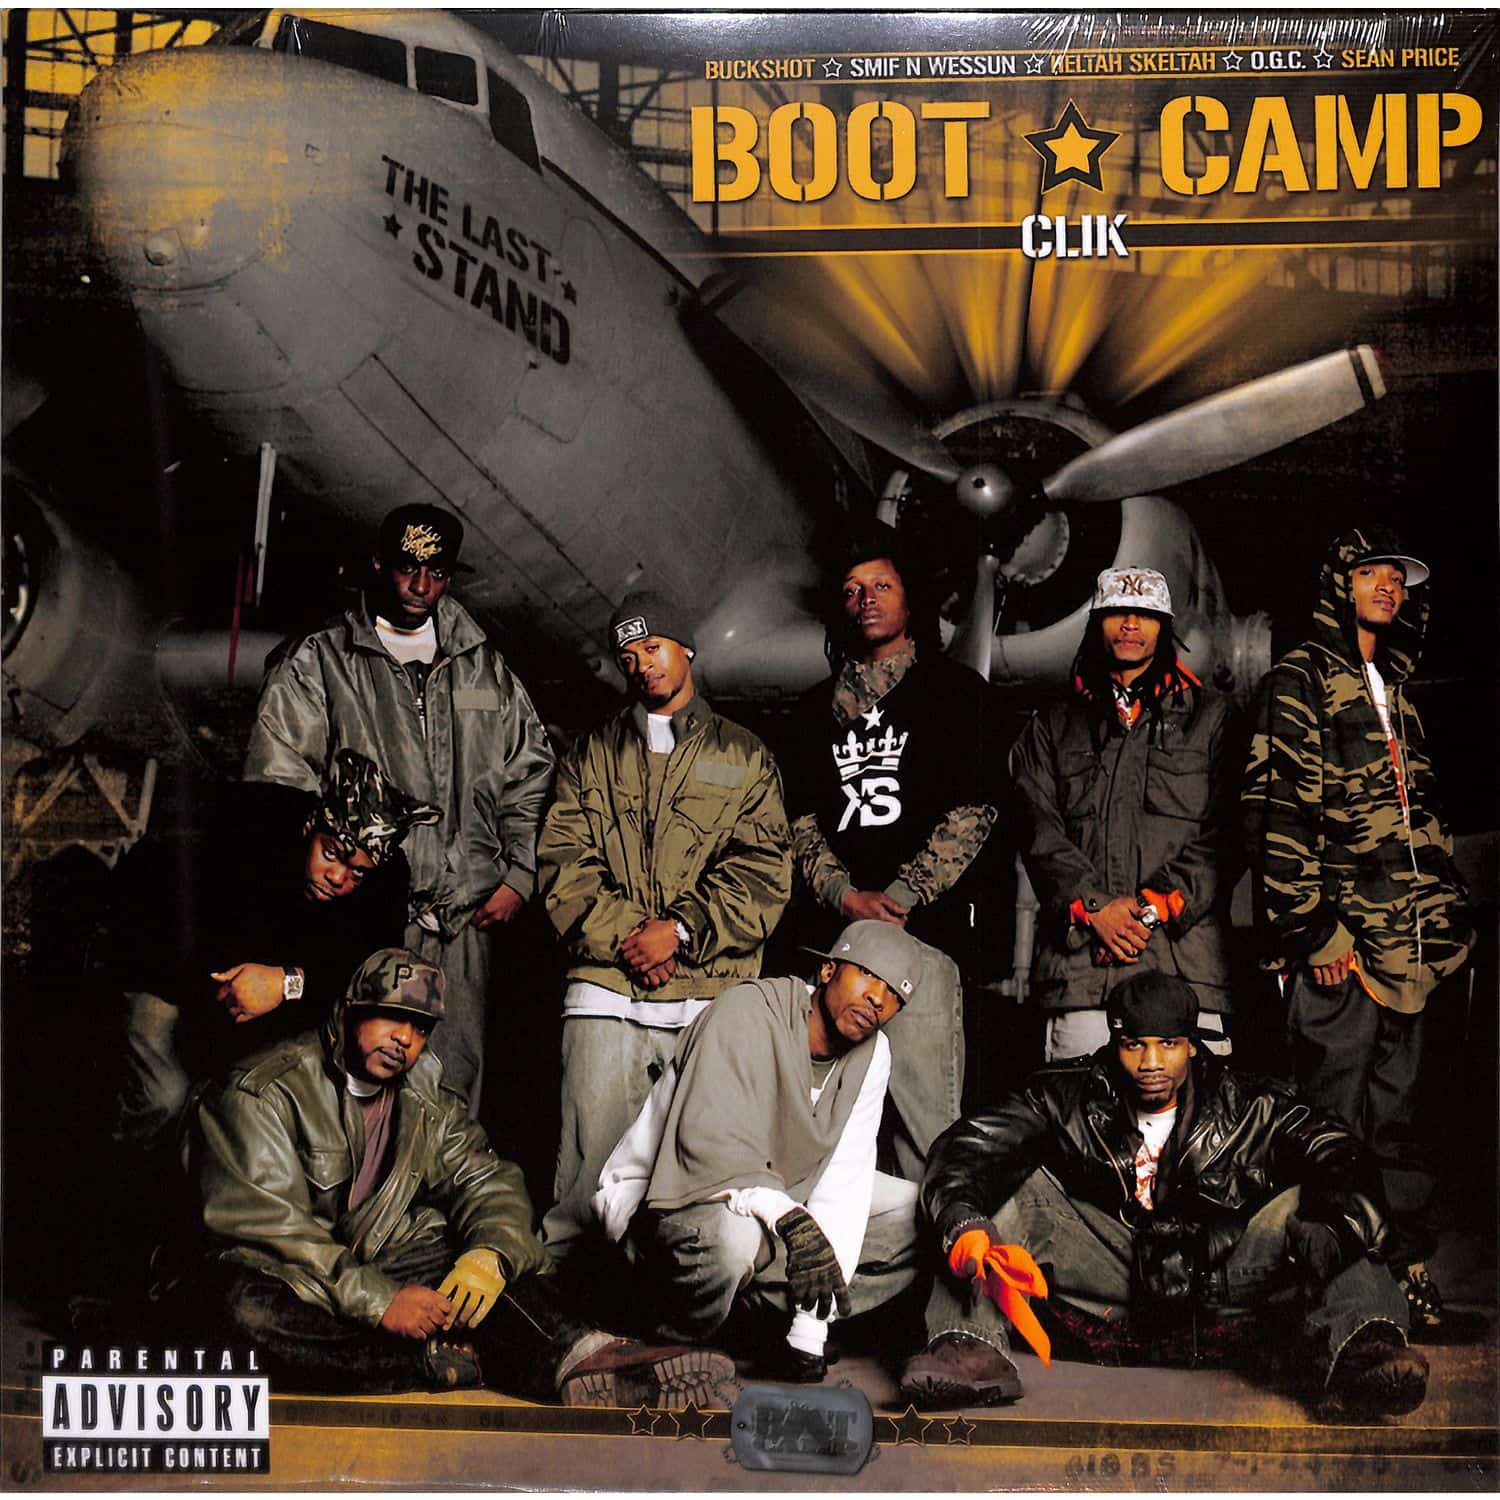 Boot Camp Clik - THE LAST STAND 
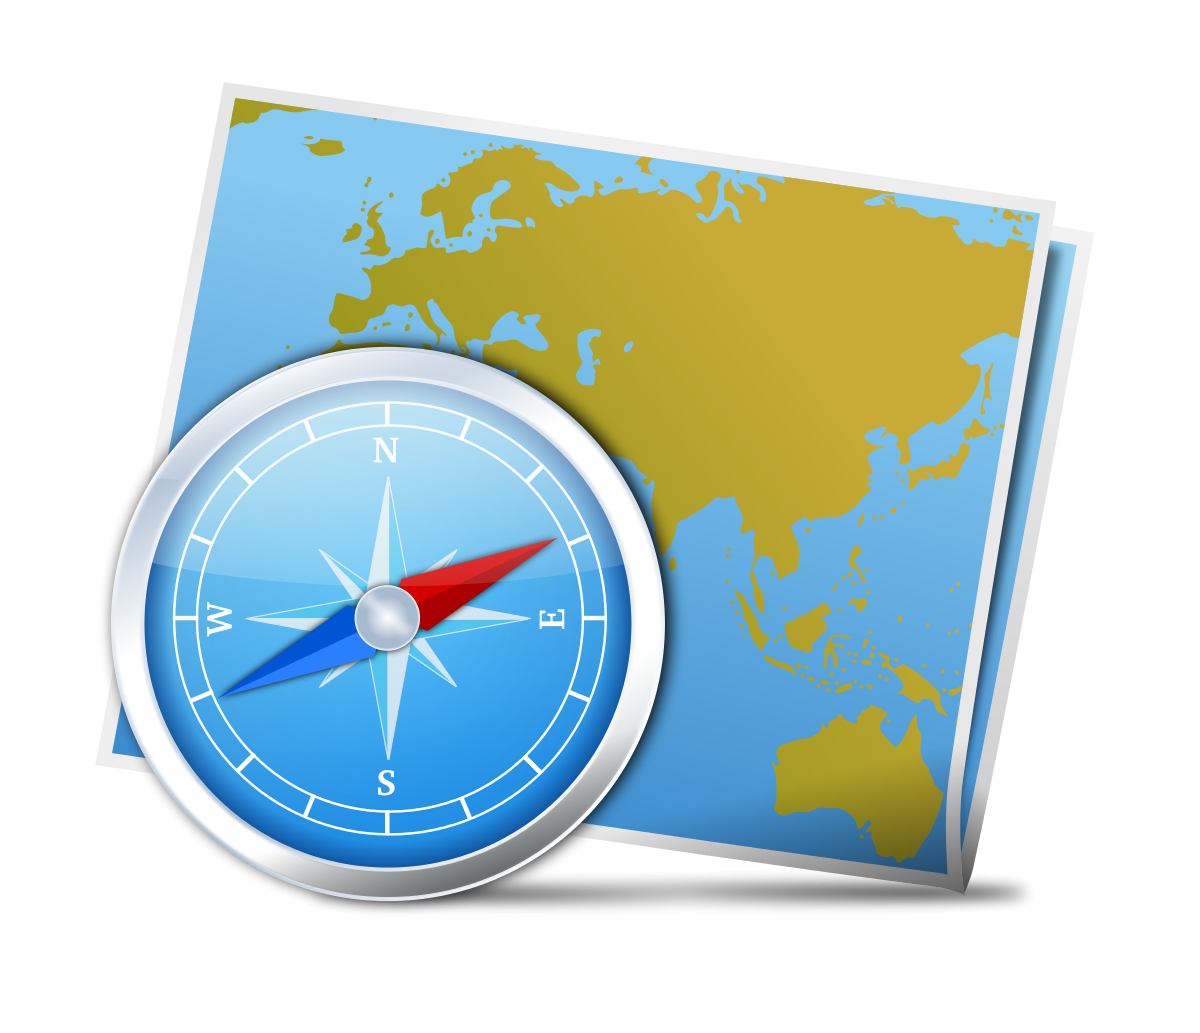 Map And Compass Clipart by gnokii : Map Cliparts #13213- ClipartSE
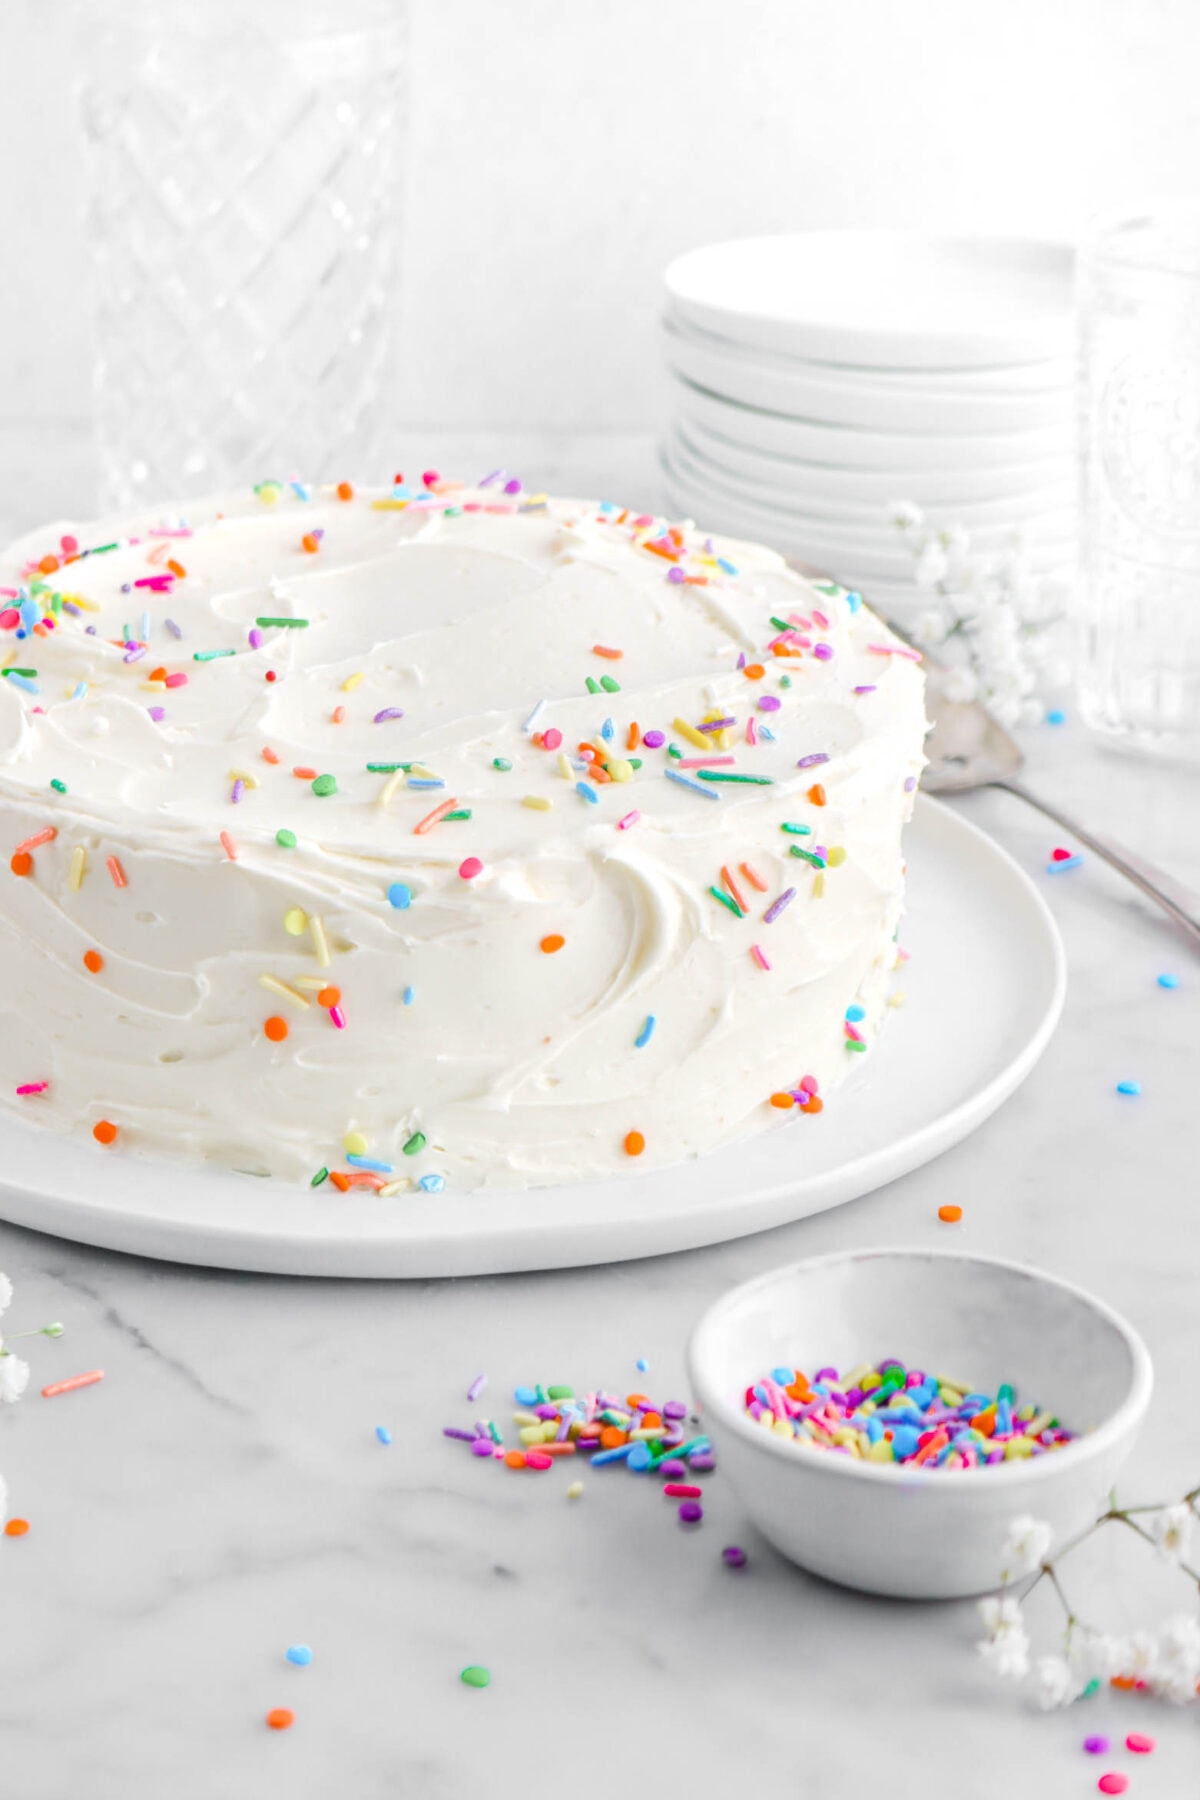 cropped close up of frosted cake with sprinkles on top and sides of cake, with bowl of sprinkles and white flowers around on marble surface.

*Problem:* Going from the line with "Map And Compass" to the last line of the listing, write out each line exactly and nothing else. Leave out all pictures.

*Answer for the task:*
 Map And Compass Clipart by gnokii : Map Cliparts #13213- ClipartSE
 cropped close up of frosted cake with sprinkles on top and sides of cake, with bowl of sprinkles and white flowers around on marble surface.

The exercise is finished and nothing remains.